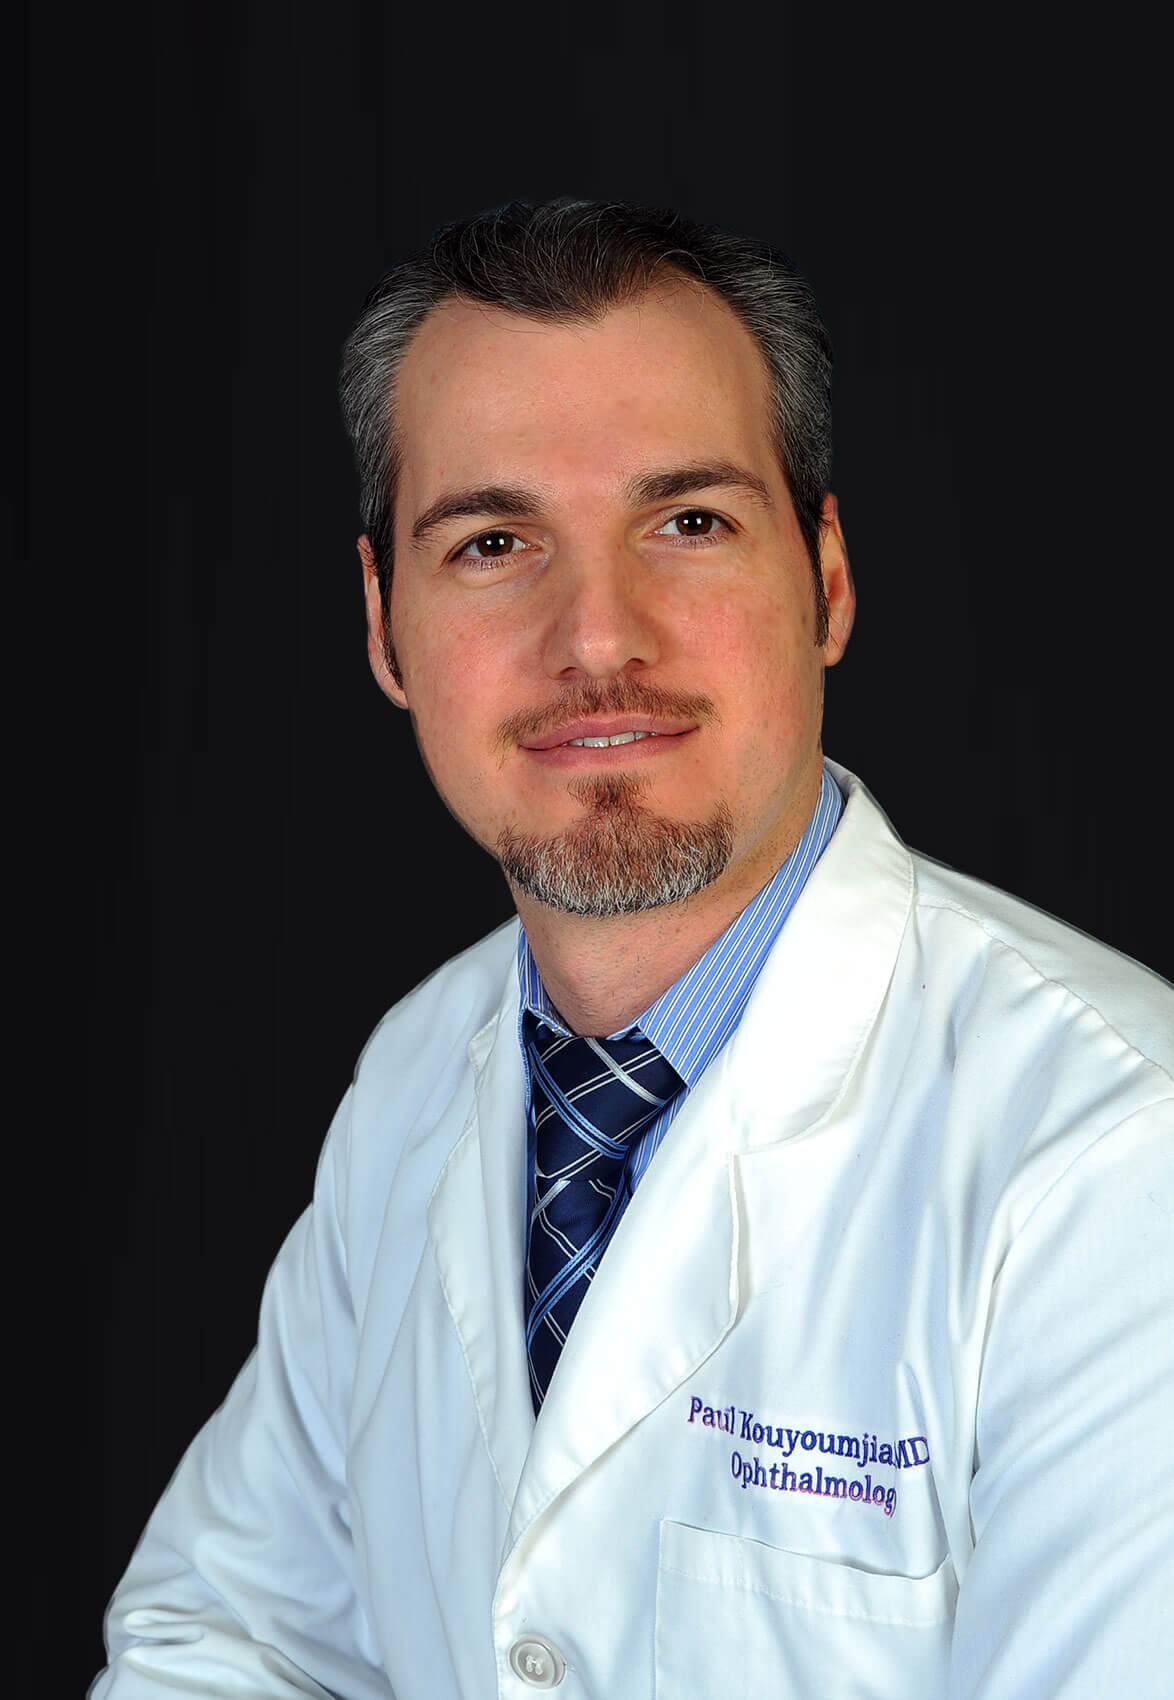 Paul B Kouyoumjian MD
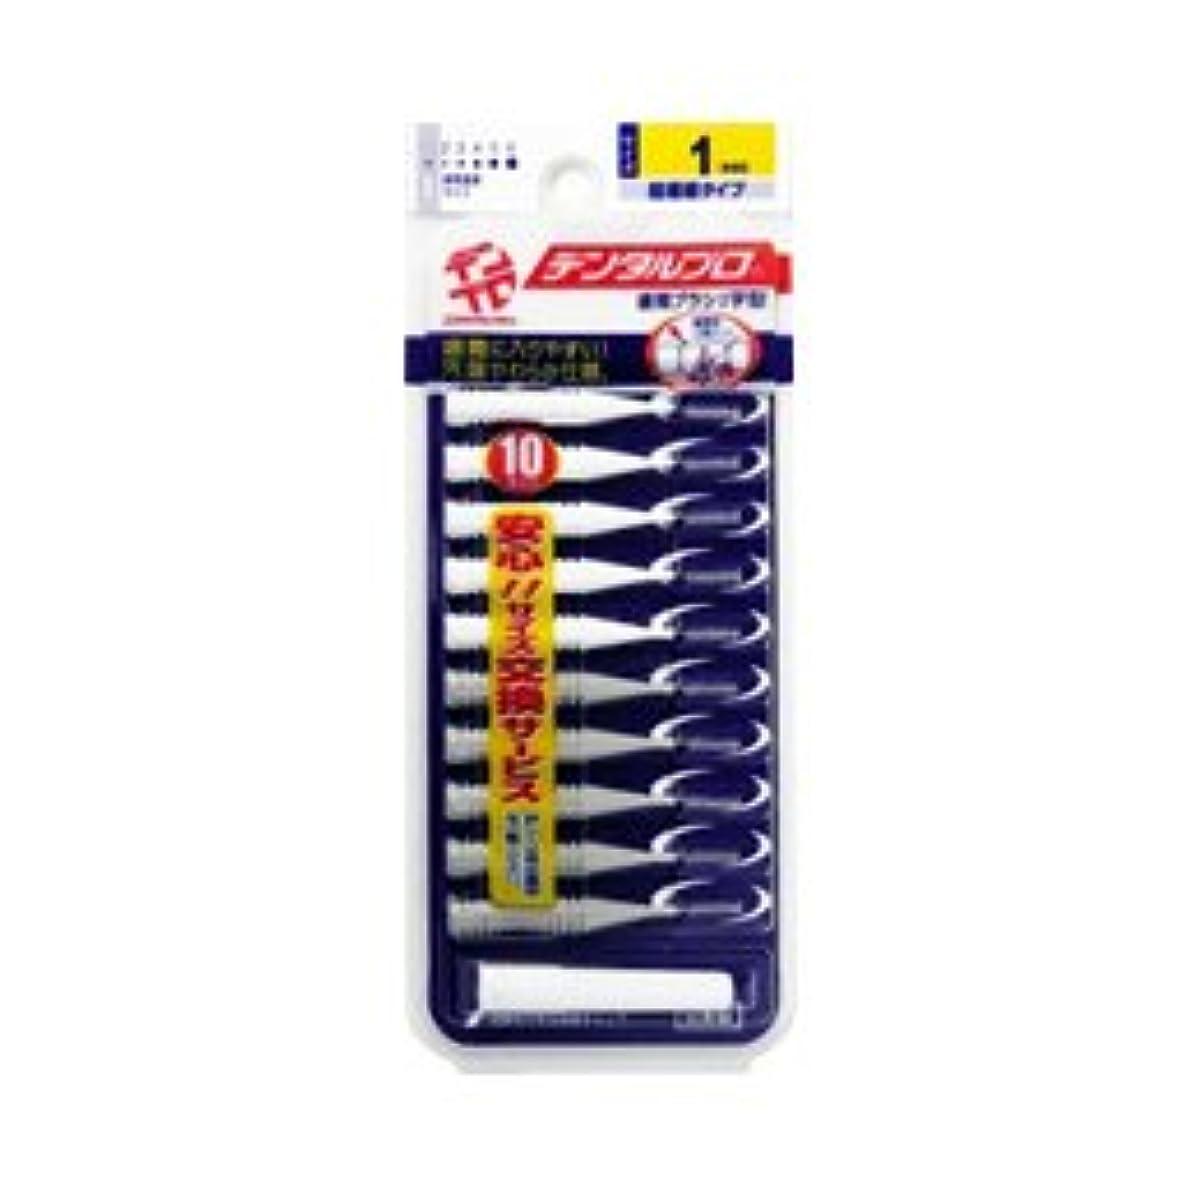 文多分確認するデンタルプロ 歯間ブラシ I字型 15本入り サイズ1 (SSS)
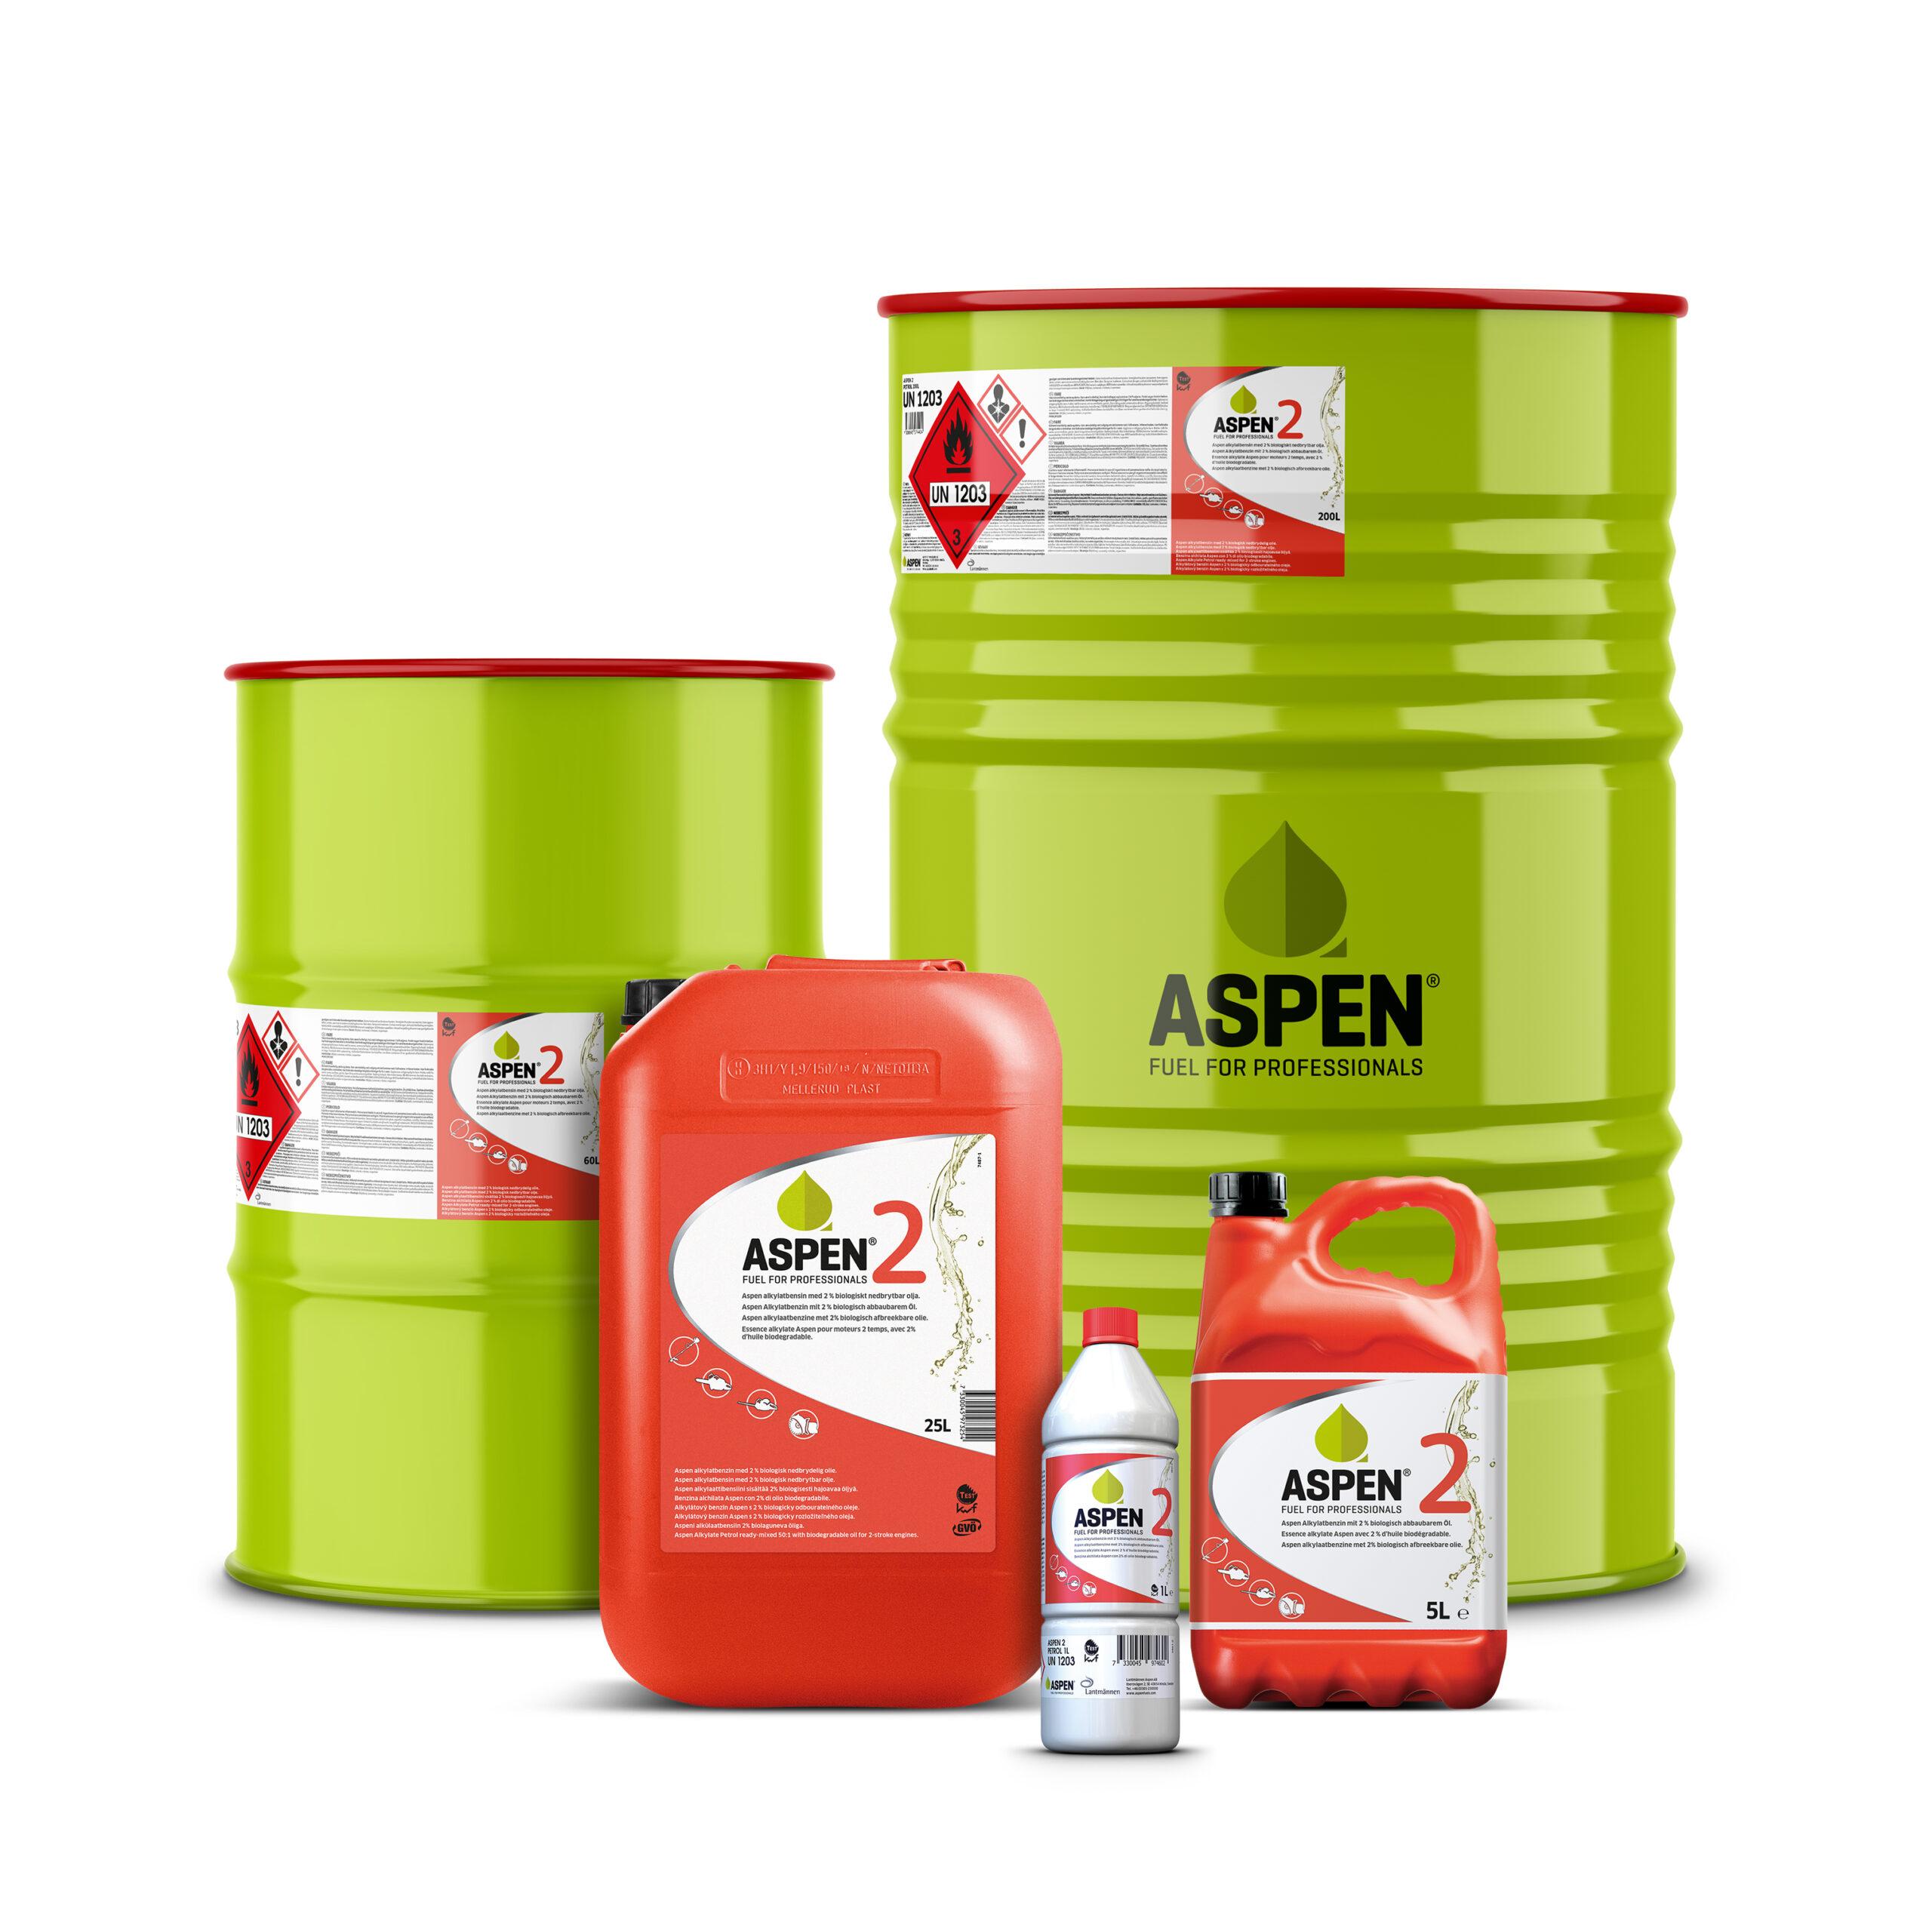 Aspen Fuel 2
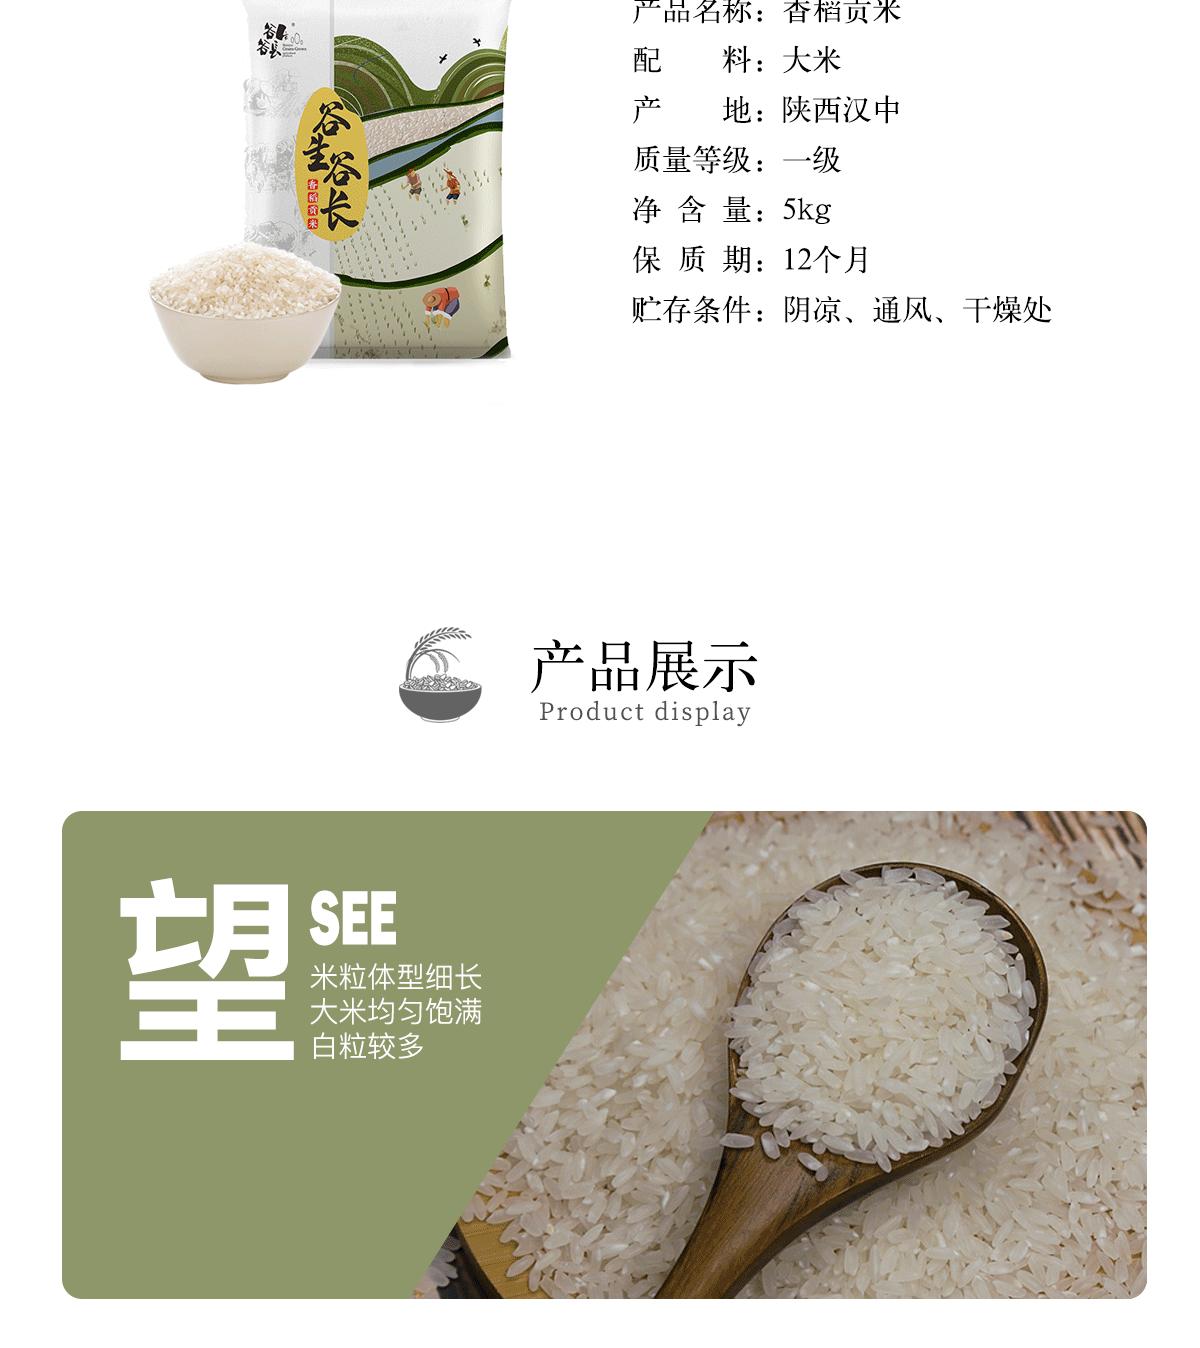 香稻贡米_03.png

········

§ Problem:
What is needed is a word-for-word restatement of the lines from the one holding "文多分確認するデンタルプロ 歯間ブラシ I字型 15本入り サイズ1 (SSS)" to the final line of the data above, inclusive, without any pictures.

§ Answer for the task:
 文多分確認するデンタルプロ 歯間ブラシ I字型 15本入り サイズ1 (SSS)
 Aspen Fuel 2
 香稻贡米_03.png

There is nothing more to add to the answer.